Дорушка тихо повернулась лицом к Долинскому.
– Настоящая любовь, – сказала она, – верно там, где нет нас?
– Может быть.
– И где мы не были, пожалуй?
– Да это будет одно и то же.
– Ай, ай, ай, на каких вещах вы даете ловить себя, Долинский! – протянула Дора и дернула за звонок у ворот своего дома.
– Вы, кажется, вчера вывели из нашего разговора какое-то новое заключение? – спрашивал ее на другой день Нестор Игнатьич.
– Новое!.. никакого, – отвечала, улыбнувшись, Дора.
Дней через пять Дора снова вздумала идти к Жервезе. Проходя мимо одной лавки, они накупили для детей фруктов, конфект, лент для старшей девочки, кушак для самой молочной красавицы и вышли с большим бумажным конвертом за город.
Не нужно много трудиться над описанием этих сине-розовых вечеров береговых мест Средиземного моря: ни Айвазовского кисть, ни самое художественное перо все-таки не передают их верно. Вечер был божественный, и Дора с Долинским не заметили, как дошли до домика молочной красавицы.
Когда Долинский нагнулся, чтобы сбить углом платка пыль, насевшую на его лакированный ботинок, из растворенного низенького и очень широкого окна послышалось какое-то очень стройное пение: женский, довольно слабый контральт и детские, неровные дисканты.
Дорушка приподняла платье, тихонечко подошла к окну и остановилась за густым кустом, по которому сплошною сетью ползли синие усы винограда; Долинский так же тихо последовал за Дорой и остановился у ее плеча.
– Tec! – произнесла чуть слышно Дора и, не оборачиваясь к Долинскому, погрозила ему пальцем.
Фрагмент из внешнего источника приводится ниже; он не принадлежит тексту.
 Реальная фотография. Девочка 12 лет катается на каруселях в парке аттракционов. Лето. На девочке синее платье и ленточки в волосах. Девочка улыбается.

Чистенькая белая комната молочной красавицы была облита нежным красным светом только что окунувшегося в море горячего солнца; старый ореховый комод, закрытый белой салфеткой, молящийся бронзовый купидон и грустный лик Мадонны, с сердцем, пронзенным семью мечами, – все смотрело необыкновенно тихо, нежно и серьезно. Из комнаты не слышно было ни звука. Через верхние ветки куста Долинский увидал Жервезу. Молочная красавица в ярком спензере и высоком белом чепце стояла на коленях. На локте левого рукава ее белой рубашки лежал небольшой черненький шарик. Это была головка ее младшего сына, который тихо сосал грудь и на которого она смотрела в какой-то забывчивости. Рядом с Жервезой, также на коленях, с сложенными на груди ручонками, стояла десятилетняя сестра Жервезиного мужа, и слева опять на коленях же помещался ее старший сын. Пятилетний Пьеро был босиком, в синих нанковых штанишках и желтоватой нанковой же курточке. Мальчик тоже держал руки сжавши на груди, но смотрел в бок на окно, на котором сидел белый котенок, преграциозно раскачивающий лапкою привешенное на нитке красное райское яблочко.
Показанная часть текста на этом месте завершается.